Skip to content
  • Jeff King's avatar
    pack-objects: break delta cycles before delta-search phase · 4cf2143e
    Jeff King authored and Junio C Hamano's avatar Junio C Hamano committed
    
    
    We do not allow cycles in the delta graph of a pack (i.e., A
    is a delta of B which is a delta of A) for the obvious
    reason that you cannot actually access any of the objects in
    such a case.
    
    There's a last-ditch attempt to notice cycles during the
    write phase, during which we issue a warning to the user and
    write one of the objects out in full. However, this is
    "last-ditch" for two reasons:
    
      1. By this time, it's too late to find another delta for
         the object, so the resulting pack is larger than it
         otherwise could be.
    
      2. The warning is there because this is something that
         _shouldn't_ ever happen. If it does, then either:
    
           a. a pack we are reusing deltas from had its own
              cycle
    
           b. we are reusing deltas from multiple packs, and
              we found a cycle among them (i.e., A is a delta of
              B in one pack, but B is a delta of A in another,
              and we choose to use both deltas).
    
           c. there is a bug in the delta-search code
    
         So this code serves as a final check that none of these
         things has happened, warns the user, and prevents us
         from writing a bogus pack.
    
    Right now, (2b) should never happen because of the static
    ordering of packs in want_object_in_pack(). If two objects
    have a delta relationship, then they must be in the same
    pack, and therefore we will find them from that same pack.
    
    However, a future patch would like to change that static
    ordering, which will make (2b) a common occurrence. In
    preparation, we should be able to handle those kinds of
    cycles better. This patch does by introducing a
    cycle-breaking step during the get_object_details() phase,
    when we are deciding which deltas can be reused. That gives
    us the chance to feed the objects into the delta search as
    if the cycle did not exist.
    
    We'll leave the detection and warning in the write_object()

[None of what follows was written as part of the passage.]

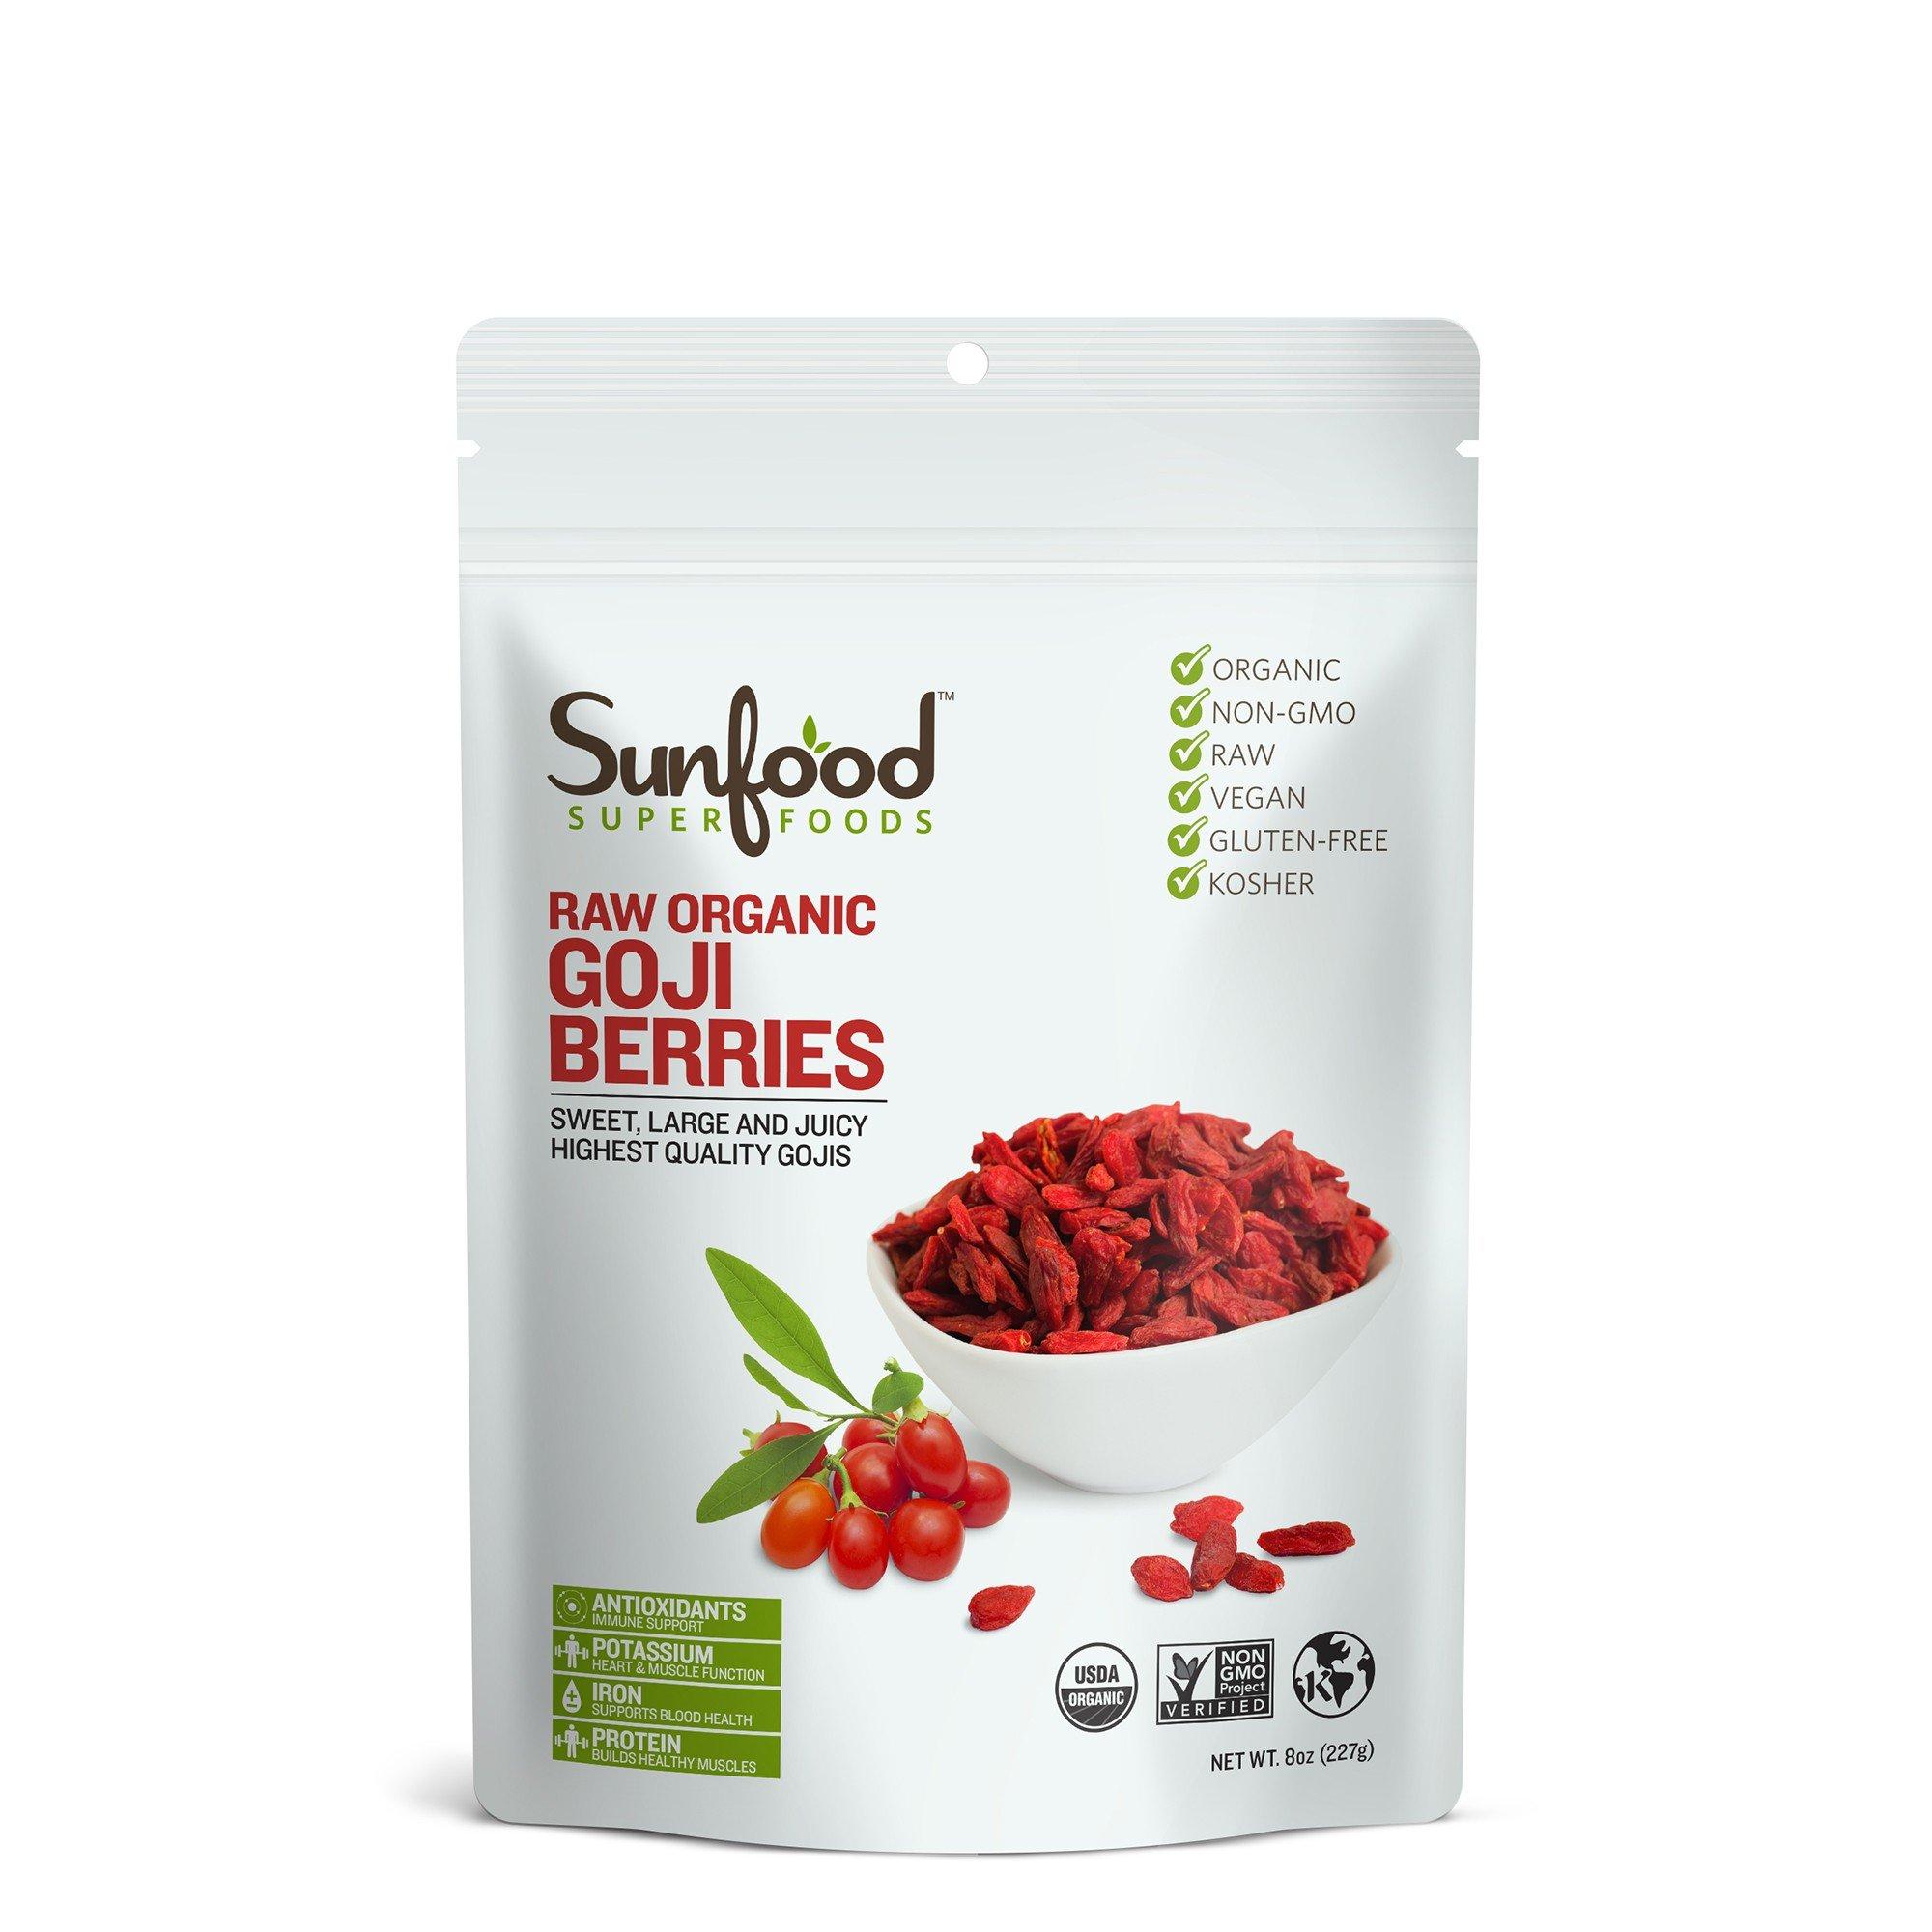 Sunfood Goji Berries, Certified Organic, Non-GMO, 8oz

    phase in place, as it still serves as a check for case (2c).
    
    This does mean we will stop warning for (2a). That case is
    caused by bogus input packs, and we ideally would warn the
    user about it.  However, since those cycles show up after
    picking reusable deltas, they look the same as (2b) to us;
    our new code will break the cycles early and the last-ditch
    check will never see them.
    
    We could do analysis on any cycles that we find to
    distinguish the two cases (i.e., it is a bogus pack if and
    only if every delta in the cycle is in the same pack), but
    we don't need to. If there is a cycle inside a pack, we'll
    run into problems not only reusing the delta, but accessing
    the object data at all. So when we try to dig up the actual
    size of the object, we'll hit that same cycle and kick in
    our usual complain-and-try-another-source code.
    
    Signed-off-by: default avatarJeff King <peff@peff.net>
    Signed-off-by: default avatarJunio C Hamano <gitster@pobox.com>
    4cf2143e